2. Contract and registry layer

  • GenerateRequest / GenerateResult / RunReport
  • registry / presets / validation
  • model alias resolution

This layer answers "is the request valid?" and "what final execution config should be used?"

3. Engine and dispatch layer

  • OmniEngine
  • JobQueue
  • RequestBatcher
  • InMemoryJobStore / RedisJobStore
  • Controller

This layer owns:

  • unified sync and async entry points
  • local queueing and job lifecycle
  • batching
  • deciding whether a request stays local or is forwarded to a remote worker

4. Executor layer

There are currently four execution paths:

execution_mode Meaning
modular component-oriented path for migrated families
legacy_call wrapper path around existing Diffusers pipelines
subprocess external script / repository-driven execution
persistent_worker resident worker / resident multi-device process group, useful for high-initialization-cost avatar models such as FlashTalk

ModelSpec.execution_mode decides which path the engine takes.

persistent_worker moves model loading, distributed initialization, and resident lifecycle management into a separate worker. Later requests only run request-level inference and artifact export. soulx-flashtalk-14b is the first validated persistent_worker model on an 8-card Ascend 910B2 host.

5. Model / launcher / backend layer

  • model-family implementations live under src/omnirt/models/
  • launchers handle python / torchrun / accelerate
  • backends wrap device and compile behavior

This is also where OmniRT applies:

  • device_map / devices
  • legacy official optimization switches
  • quantization / layerwise casting / TeaCache

6. Observability layer

  • RunReport
  • Prometheus metrics
  • trace recorder plus OTLP exporter
  • SSE / WebSocket / Realtime event streams

This layer makes one execution visible both inside the response and outside the process.

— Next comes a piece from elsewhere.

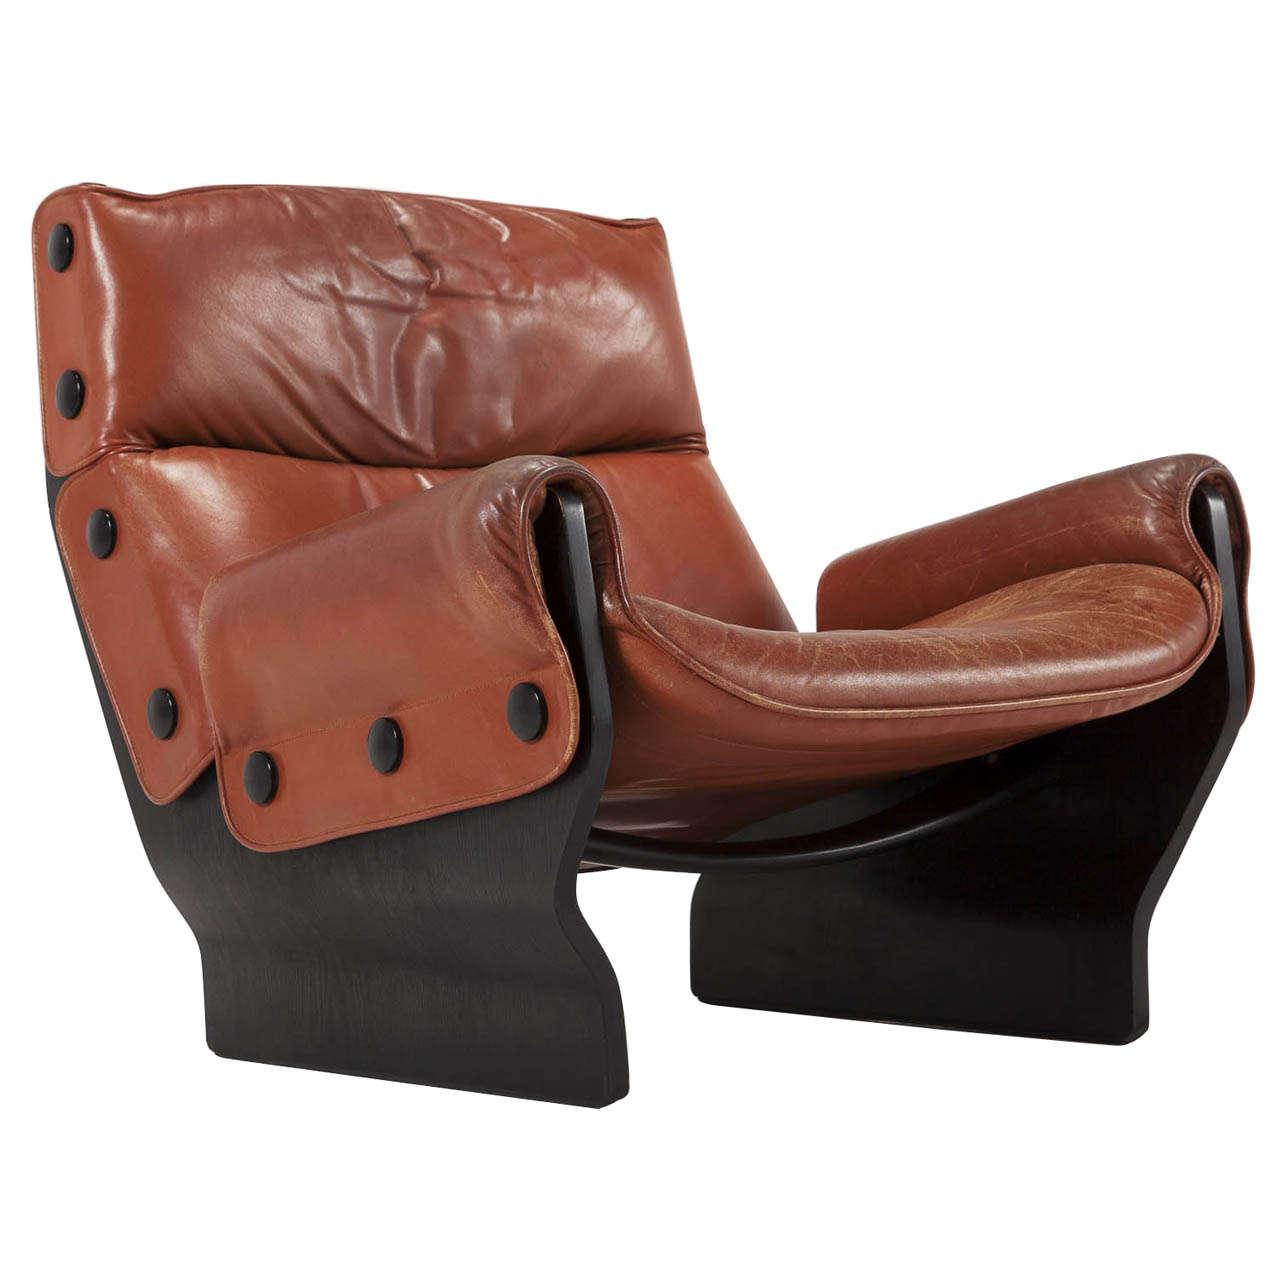 Osvaldo Borsani u0027Canadau0027 Lounge Chair in Original Cognac Leather 1  sc 1 st  1stDibs & Osvaldo Borsani u0027Canadau0027 Lounge Chair in Original Cognac Leather ... islam-shia.org

Synchronous execution path

  1. the interface layer builds GenerateRequest
  2. validation resolves the model, task, and config
  3. OmniEngine.run_sync() selects either a local executor or a remote worker
  4. the executor runs the model and returns GenerateResult
  5. telemetry fills RunReport

Asynchronous execution path

  1. POST /v1/generate with async_run=true
  2. the engine creates a job and writes it to JobStore
  3. the queue, batcher, and controller process the job
  4. events are continuously appended to the job stream
  5. clients consume the job through GET /v1/jobs/{id}, SSE, WebSocket, or the trace route

Distributed extension points

Extension points already implemented:

  • gRPC worker transport
  • Controller routing to remote workers
  • RedisJobStore
  • OTLP/HTTP trace export

Still intentionally lightweight:

  • the gRPC transport is a minimal unary RPC transport, not a full control plane
  • backend support is intentionally focused on CUDA / Ascend / cpu-stub; there is no ROCm / XPU support plan

Stable public contracts

The most important stable public surfaces are:

  • GenerateRequest
  • GenerateResult
  • RunReport.schema_version

Executors, middleware, and launchers can continue to evolve internally, but these three should remain backward compatible whenever possible.